Growth factors differentially potentiate TRPA1 in target-defined sensory neurons. Ca2+ imaging was used to examine the efficacy of NGF, ARTN, NRTN, or GDNF to potentiate mustard oil-evoked Ca2+ signal in retrogradely labeled skin, muscle, and colon DRG neurons. Examples of Ca2+ traces in response to mustard oil presentation before and after growth factor exposure are shown in A. Mustard oil (100 μm) was applied at 10 min intervals with a 7 min application of growth factor (100 ng/ml) between the first and second mustard oil presentations. The percentage of mustard oil-responsive neurons potentiated by each growth factor is given above each representative trace. Fold changes in response area (ΔFarea) following growth factor application are shown for skin (B), muscle (C), and colon (D) neurons. Potentiation of TRPA1 by NGF, ARTN, or NRTN is comparable between all populations, whereas GDNF is ineffective at potentiating TRPA1 responses in skin neurons. *p < 0.05 versus untreated; Mann–Whitney test.

Mustard oil responses were potentiated in a similar percentage of neurons for all three classes of afferents by NGF, ARTN, and NRTN (Fig. 8). However, several notable differences were observed. Most striking was the lack of GDNF-induced potentiation of mustard oil responses in skin neurons, whereas 43 and 38% of muscle and colon neurons, respectively, exhibited potentiation following GDNF exposure. It should be noted that the lack of potentiation by GDNF in cutaneous afferents could have been predicted from the behavioral results: GDNF was the only trophic factor that failed to increase nocifensive behavior induced by mustard oil application to the footpad (Fig. 3).

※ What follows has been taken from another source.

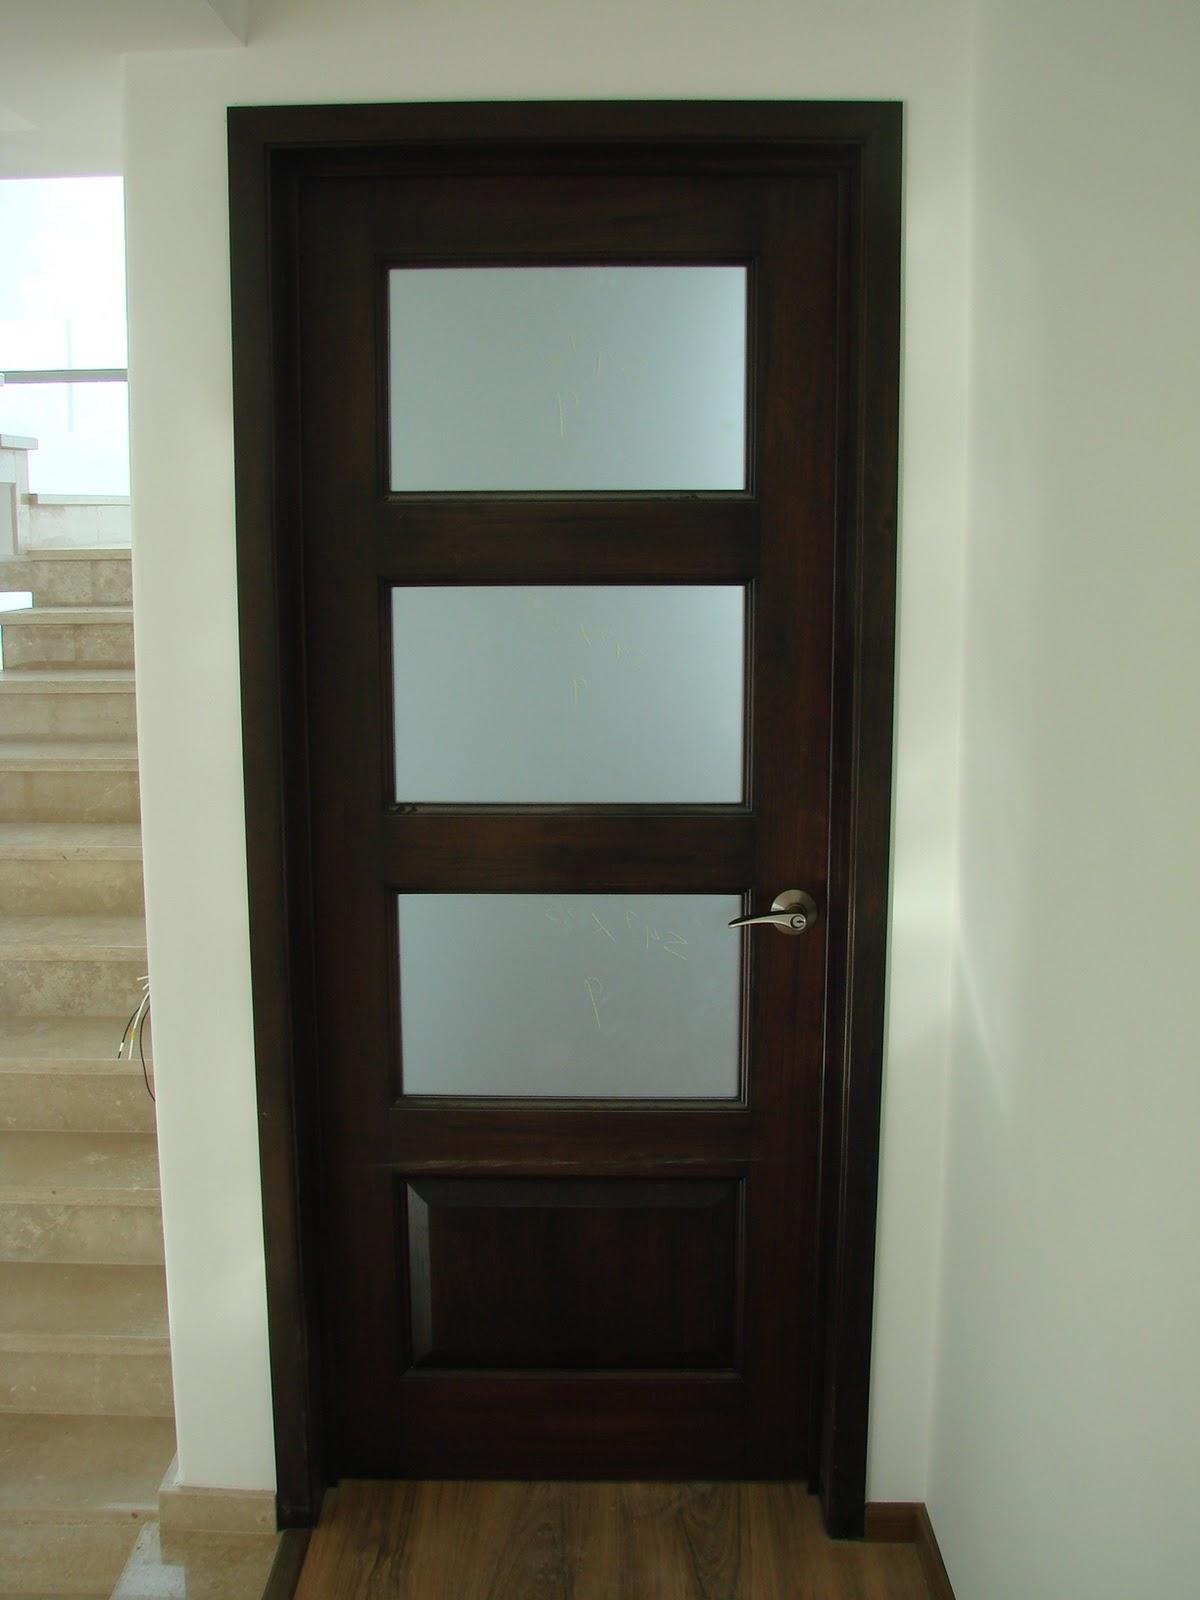 Cocinas integrales vestidores closets etc puertas en - Colores de puertas de madera ...
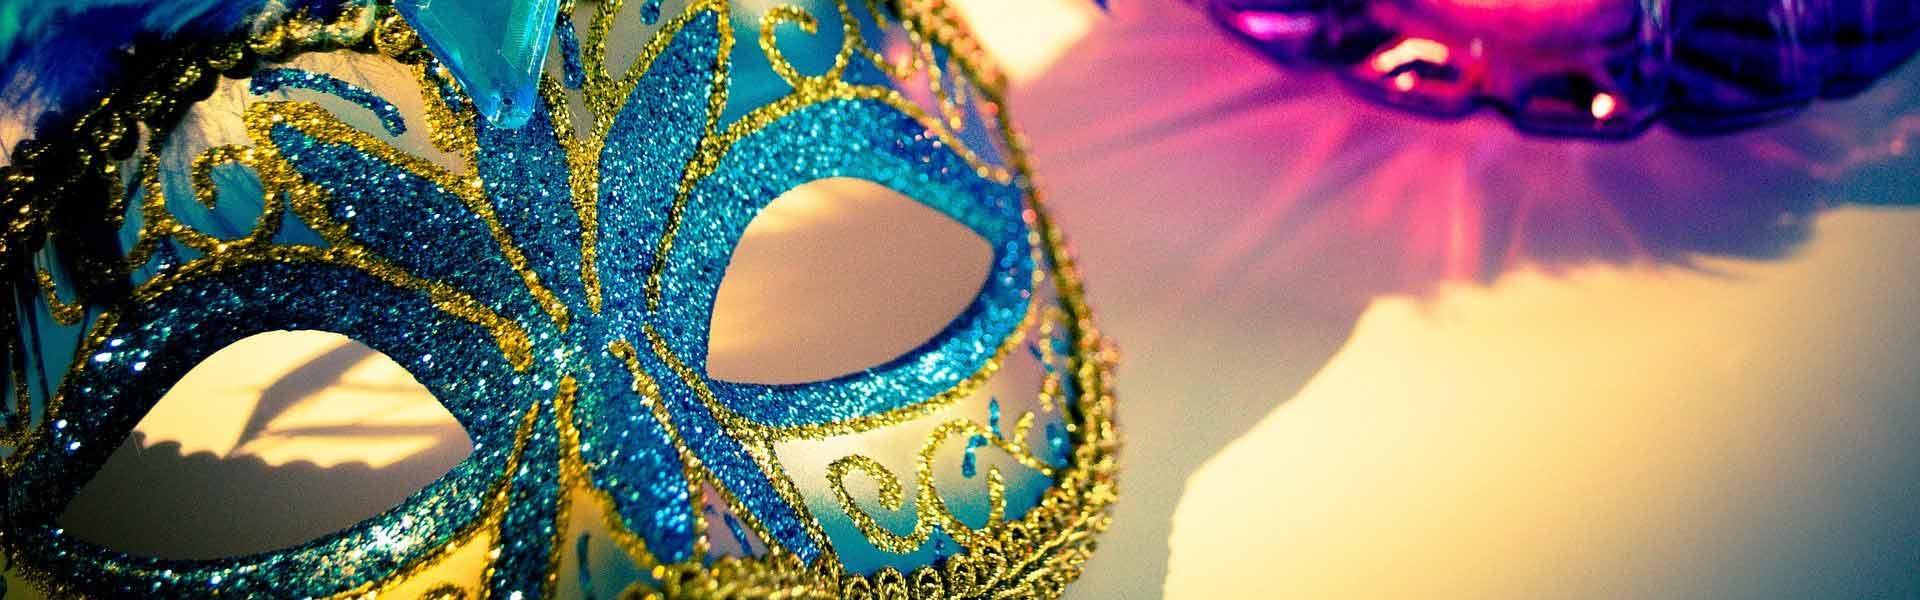 Venetian Mask for Mardi Gras

Previous studies have shown that, in mouse, >90% of all GFRα3-positive neurons, and 22% of GFRα2-immunopositive afferents, express TRPV1 (Orozco et al., 2001; Elitt et al., 2006). There is little data on the overlap between GFRα1 and TRPV1 and no data on the overlap between any GFRα receptors and TRPA1. Moreover, while there is a general consensus that TRPV1 and TRPA1 are highly expressed in the peptidergic primary afferents [including the GFRα3-population (Orozco et al., 2001)], it is generally thought that nonpeptidergic neurons, including those that express GFRα1 and GFRα2 express little, if any, TRPV1 (Zwick et al., 2002). Because the calcium imaging data indicated significant potentiation of TRPV1 and TRPA1 responses by GDNF and NRTN, we performed single-cell PCR to determine the percentage of cutaneous and muscle afferents that express GFRα1 and GFRα2 and what proportion of these neurons expressed TRPV1 and TRPA1 (Table 2).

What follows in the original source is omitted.